### Work item
Can you print the data exactly and leave out each image?

*** Data provided Section Begins ***

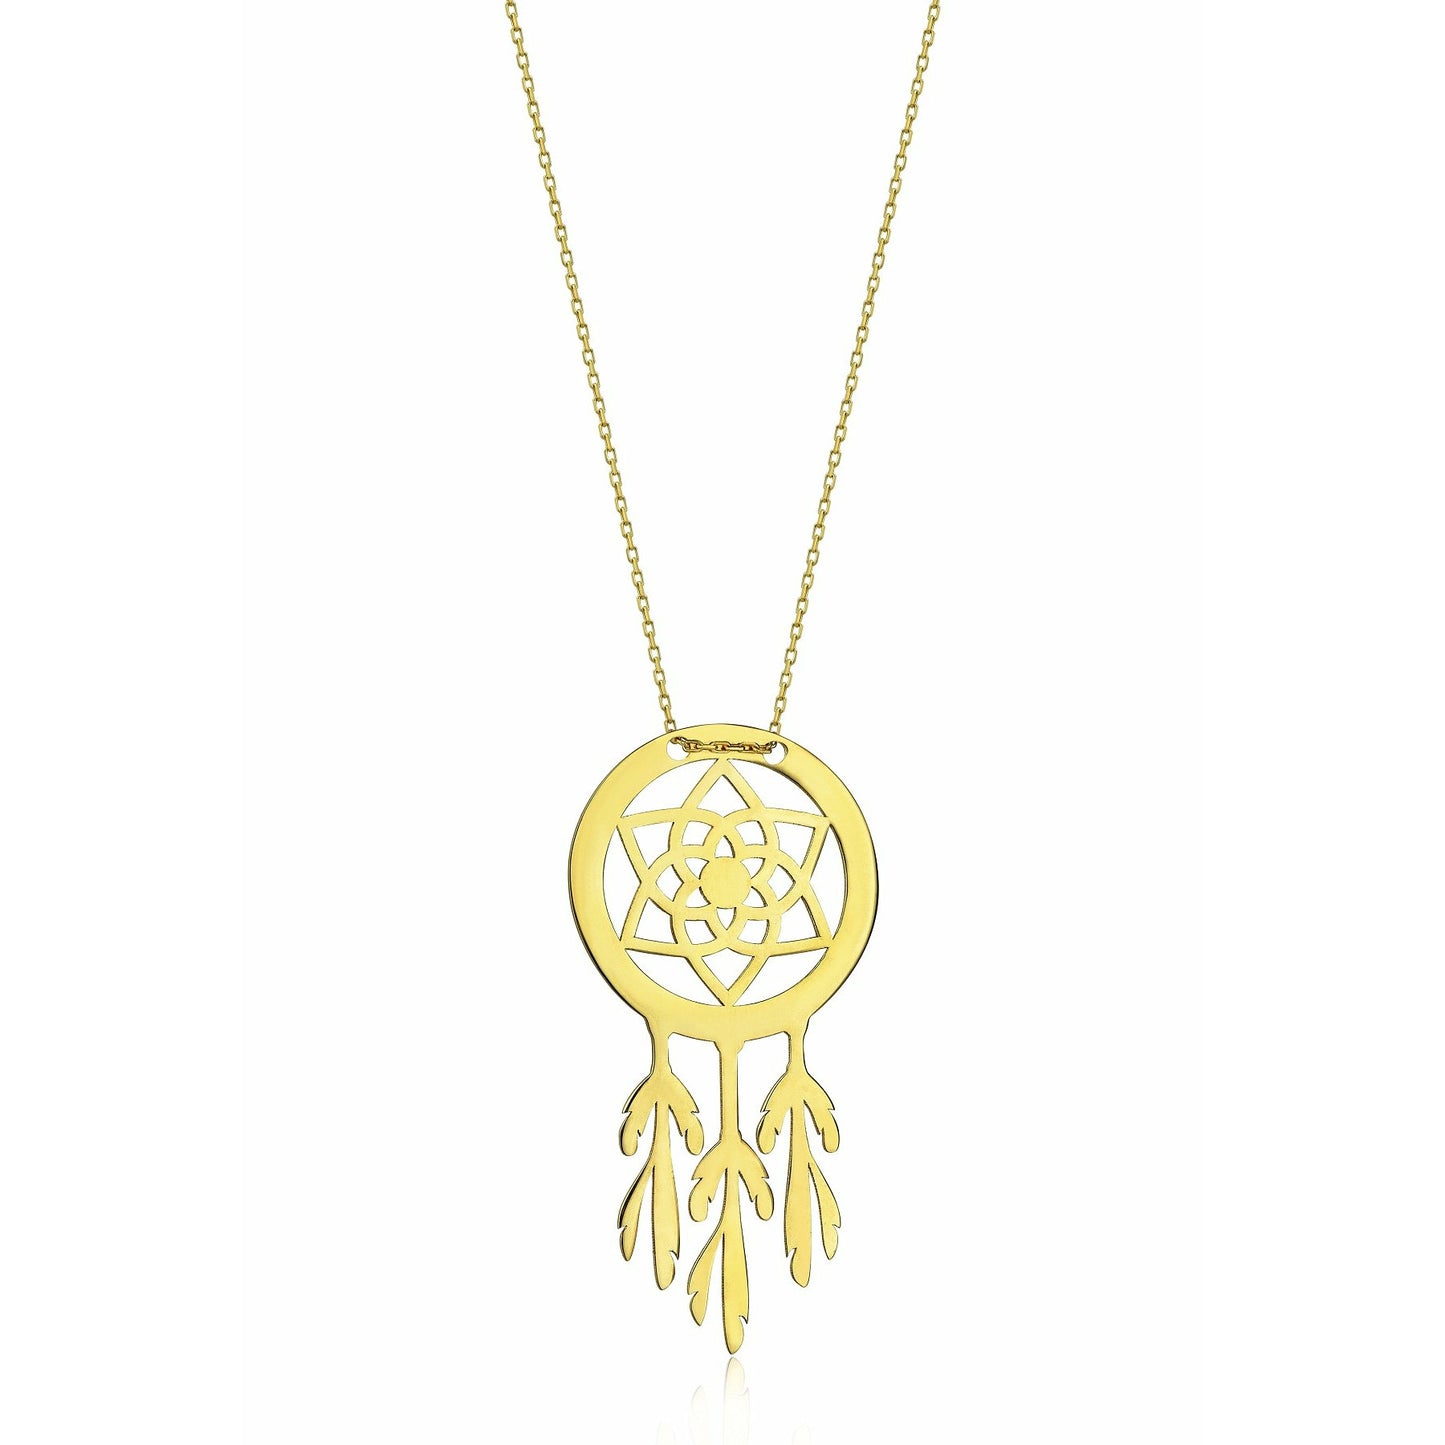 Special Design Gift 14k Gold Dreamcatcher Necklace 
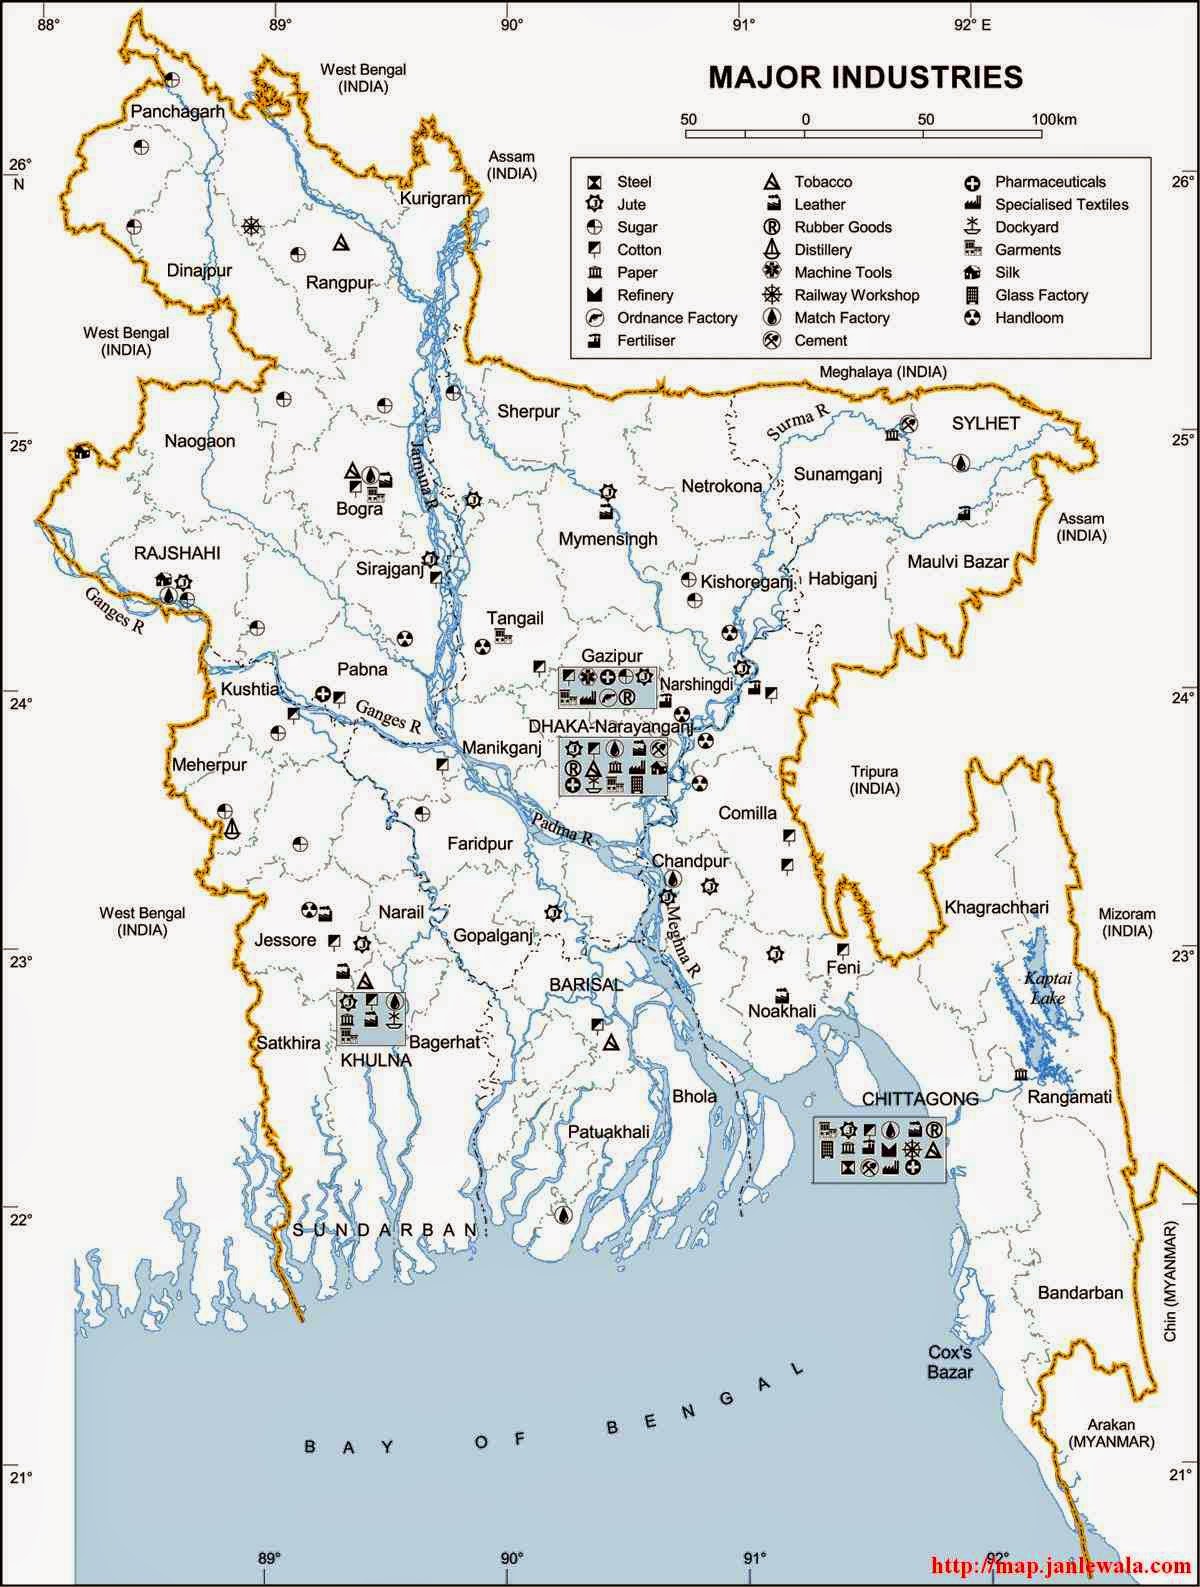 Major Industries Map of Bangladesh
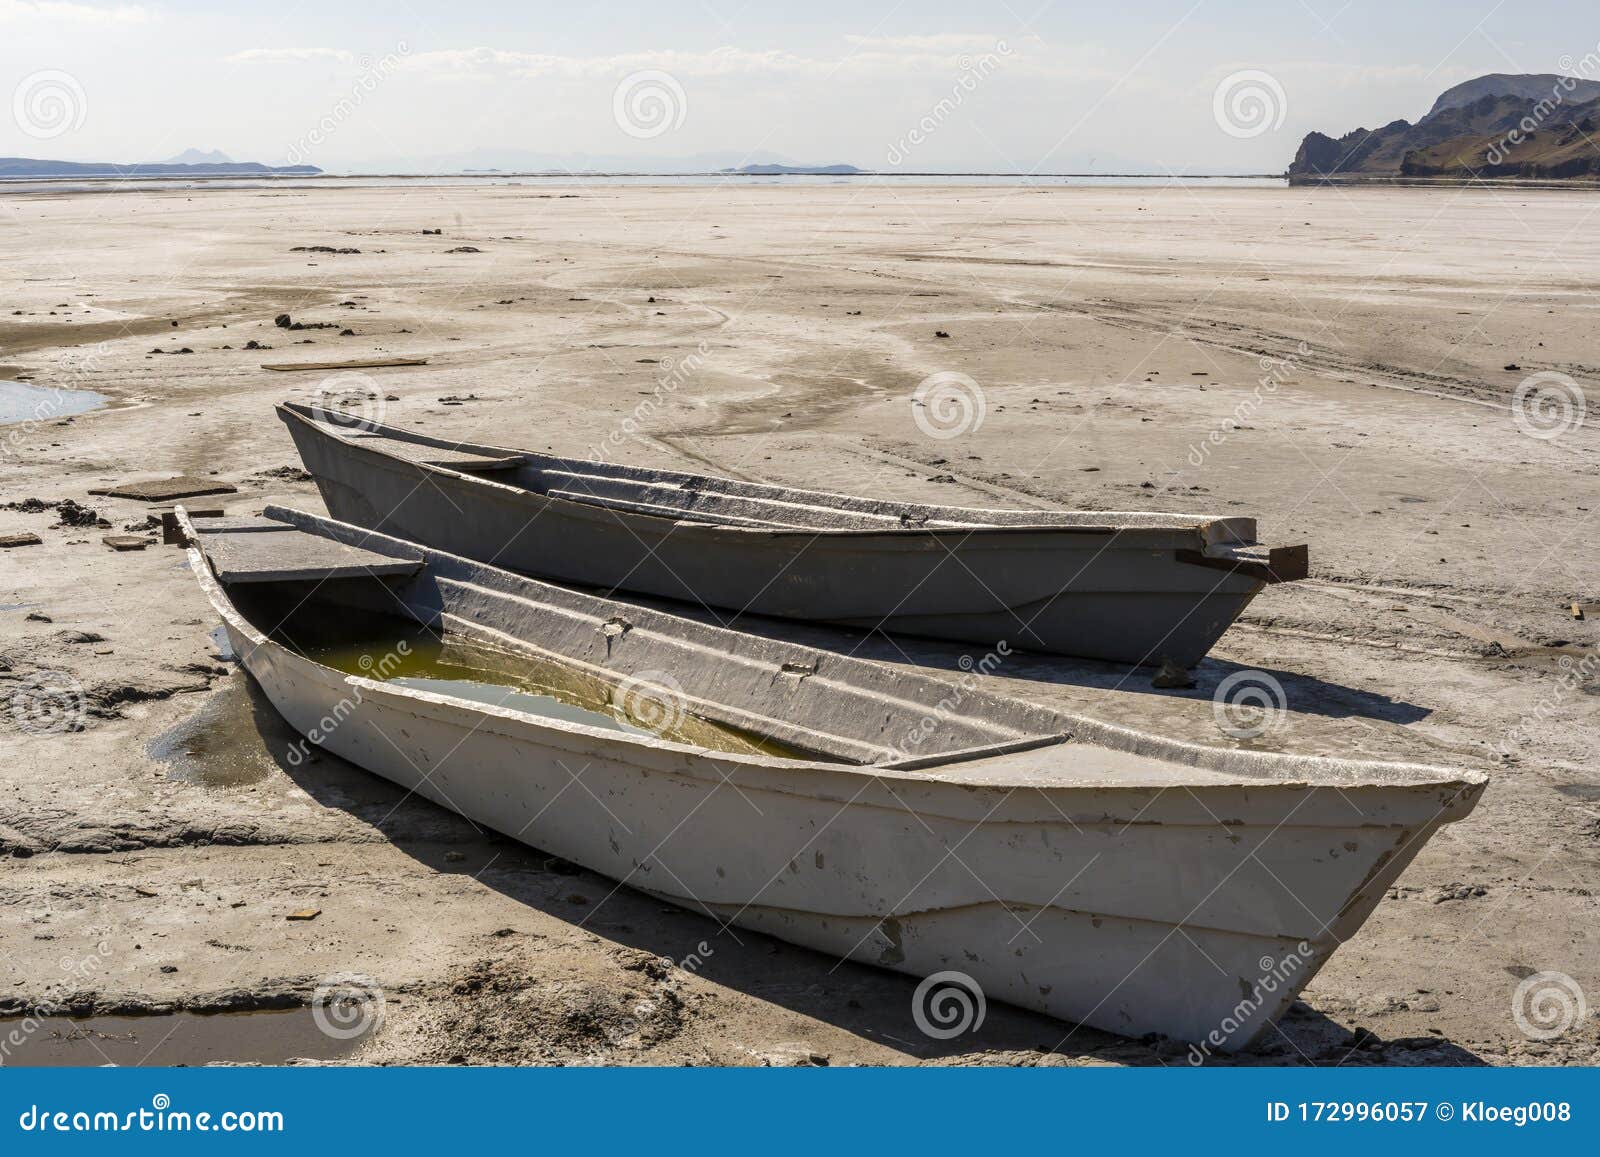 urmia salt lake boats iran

*** Data provided Section Ends ***

### Response
 Special Design Gift 14k Gold Dreamcatcher Necklace 
 Major Industries Map of Bangladesh
 urmia salt lake boats iran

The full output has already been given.